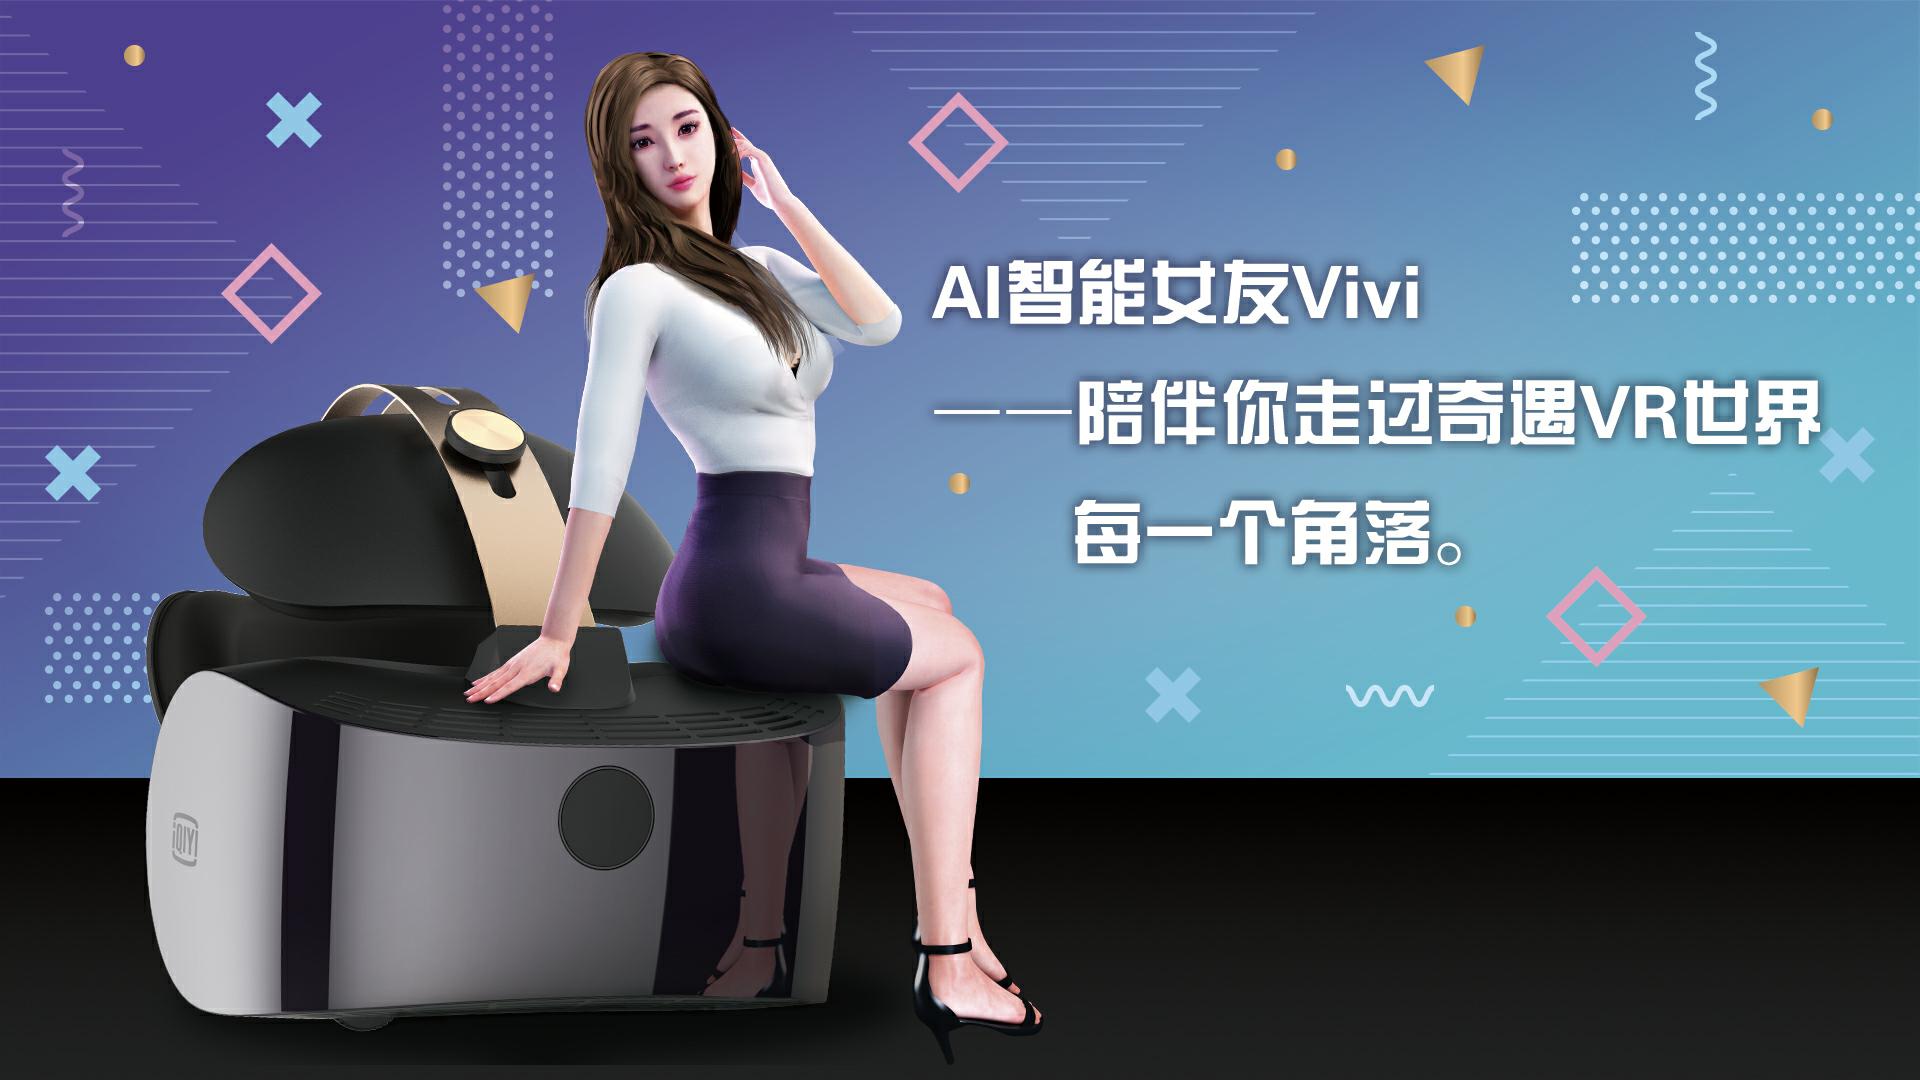 VR新版AI女友
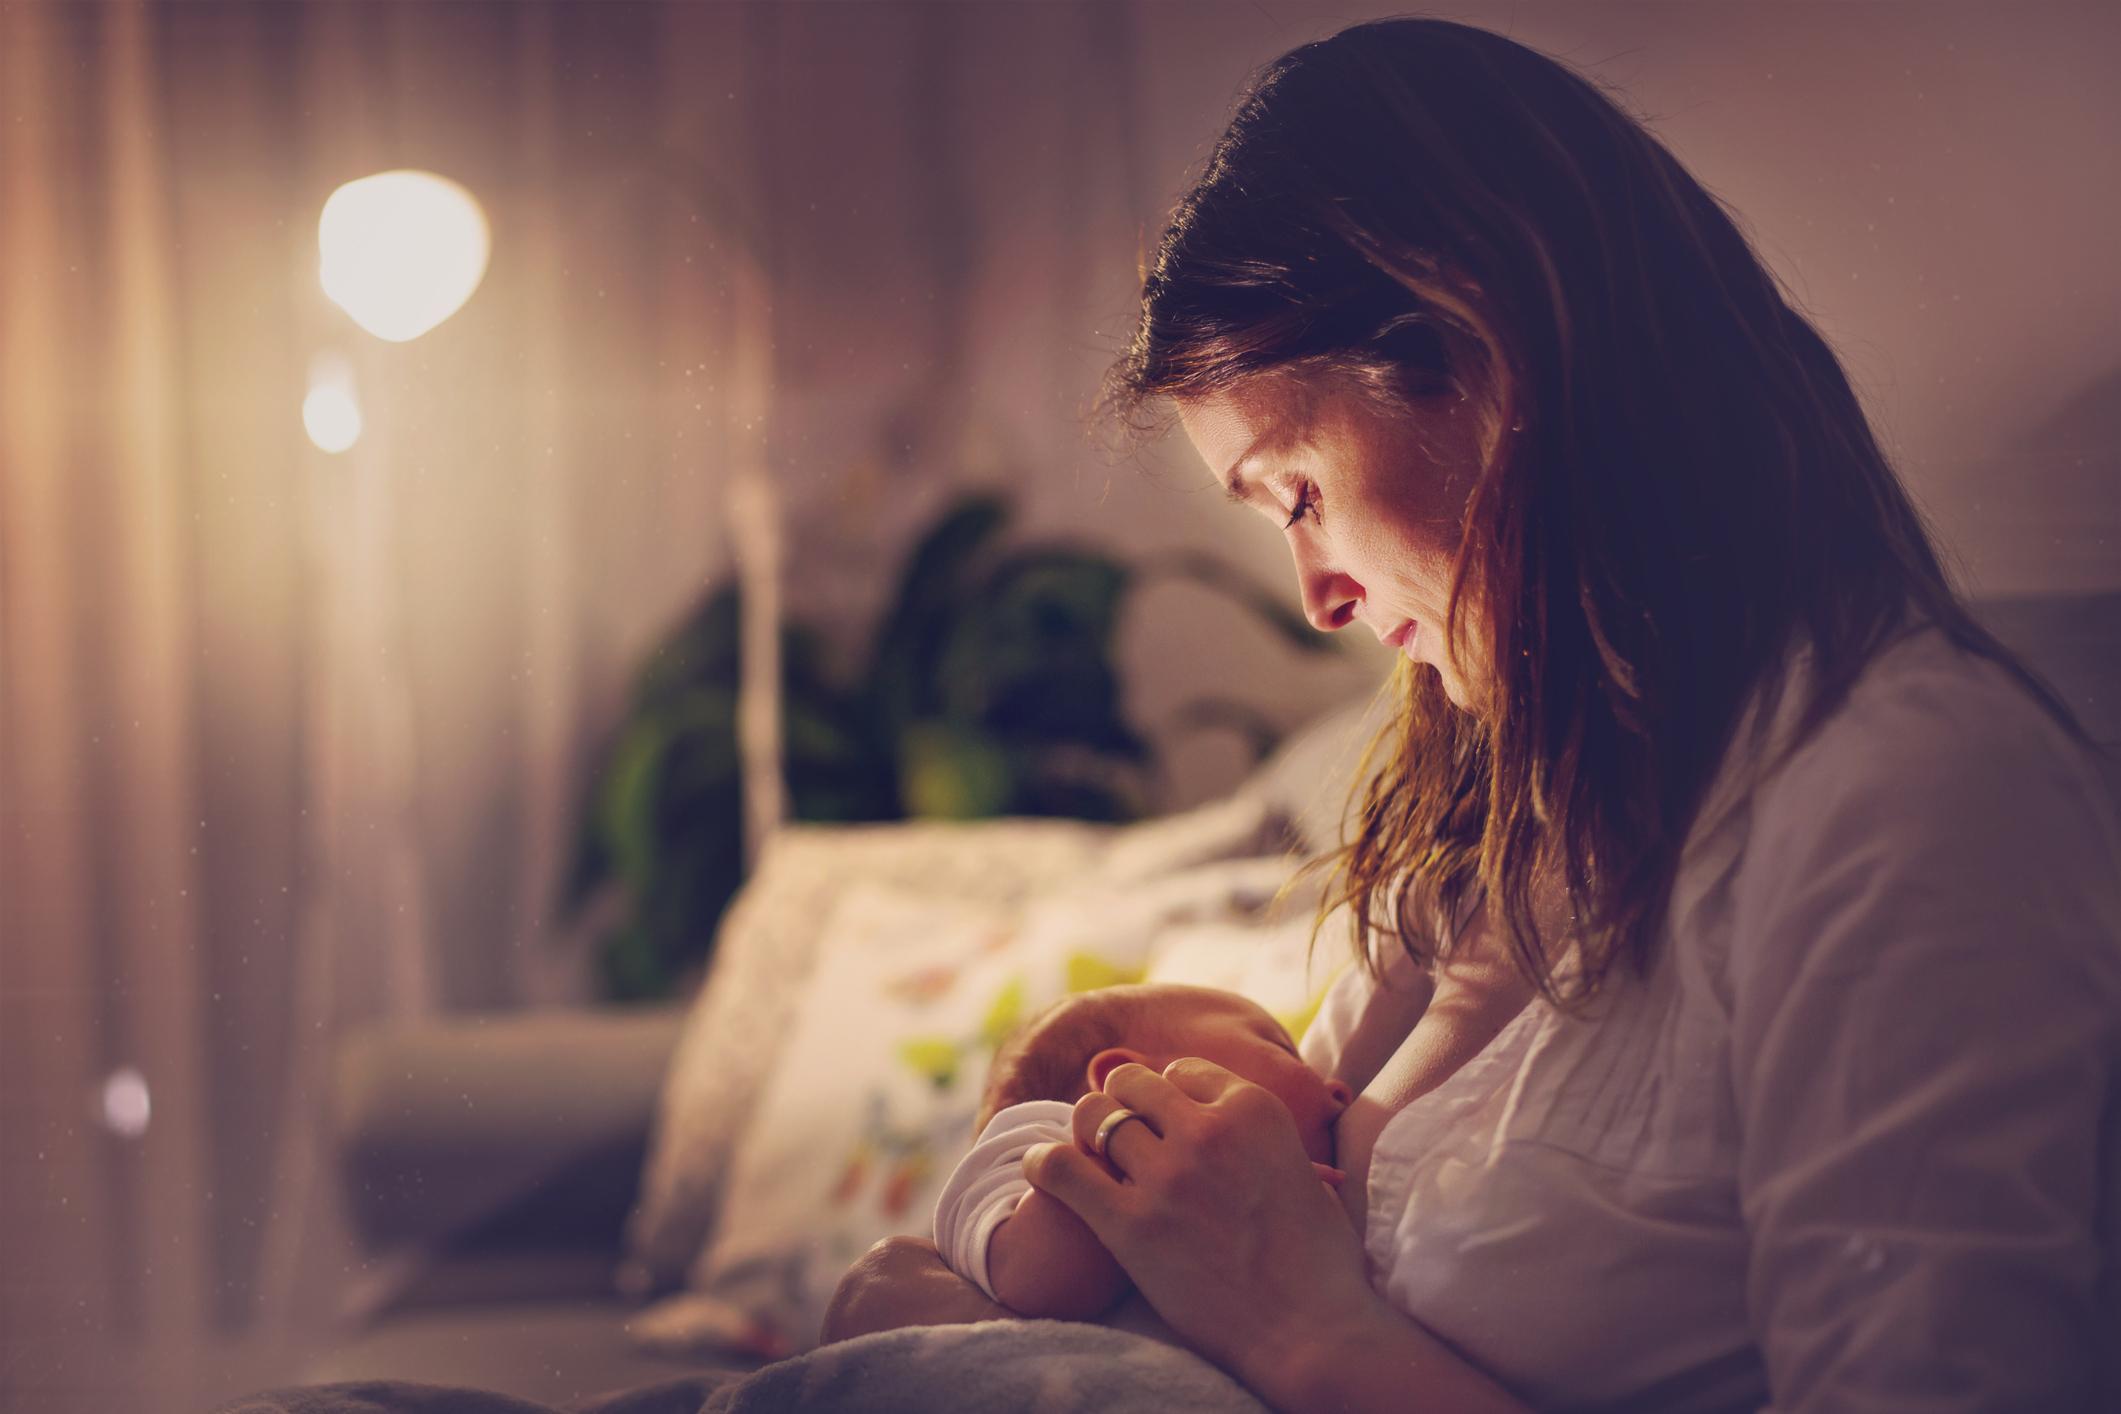 O aleitamento materno, além de nutrir, fortalece a relação entre mãe e bebê. A amamentação deve ser exclusiva até os seis meses de idade.
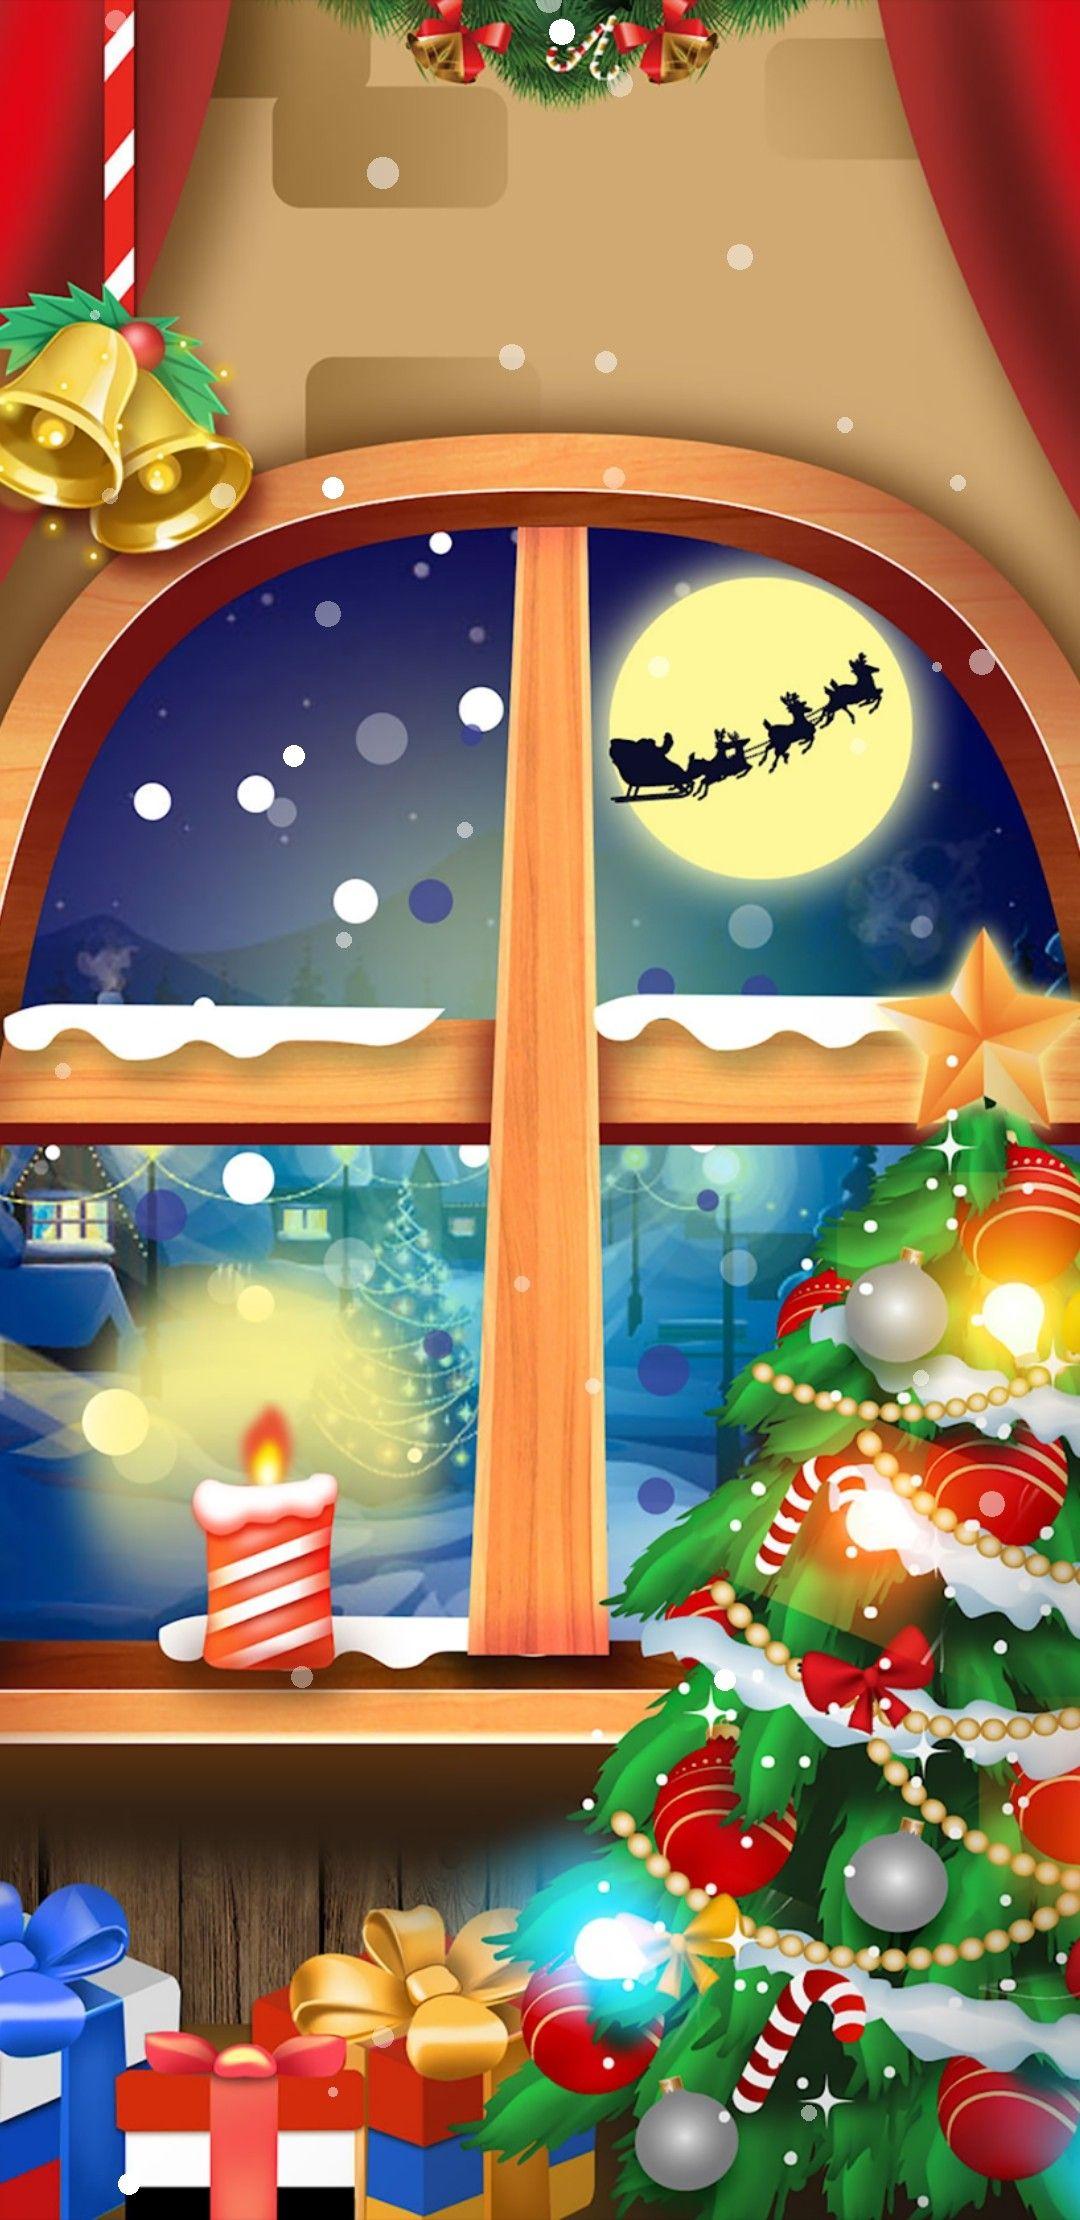 Christmas おしゃれまとめの人気アイデア Pinterest Yume クリスマス
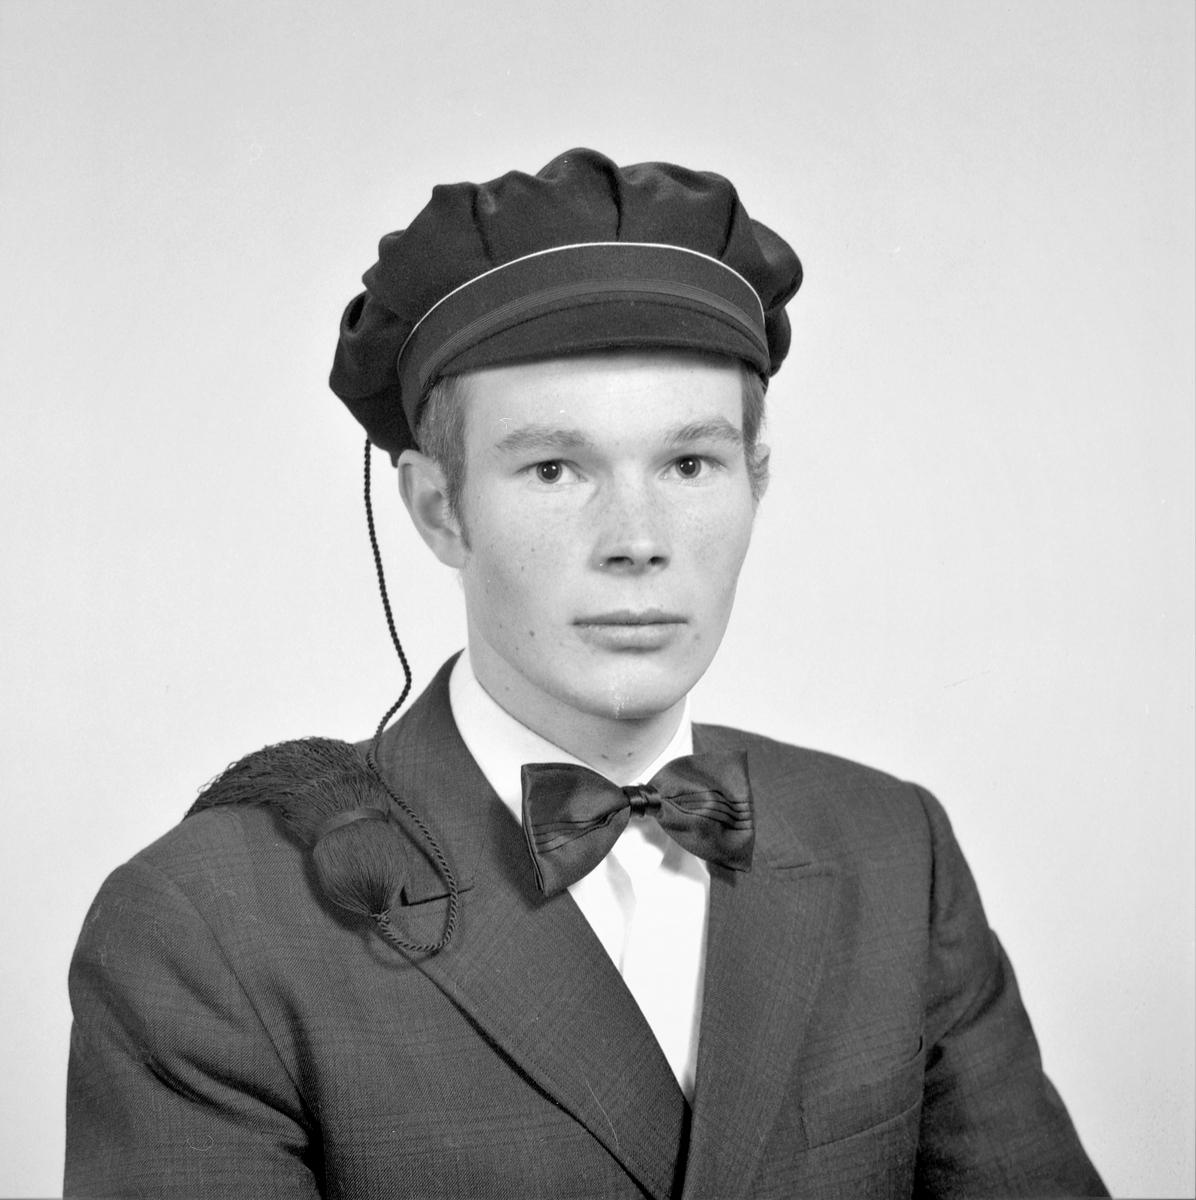 Portrett. Ung mann med studenterlue. Bestilt av Trygve Sundve. Austreimveien 11

------------------------------------------------

-- WHAT IS REQUIRED --
Please retype the data exactly as it appears, but without any of its pictures.

-- ANSWER BOX --
 VR新版AI女友
 O aleitamento materno, além de nutrir, fortalece a relação entre mãe e bebê. A amamentação deve ser exclusiva até os seis meses de idade.
 Christmas おしゃれまとめの人気アイデア Pinterest Yume クリスマス
 Portrett. Ung mann med studenterlue. Bestilt av Trygve Sundve. Austreimveien 11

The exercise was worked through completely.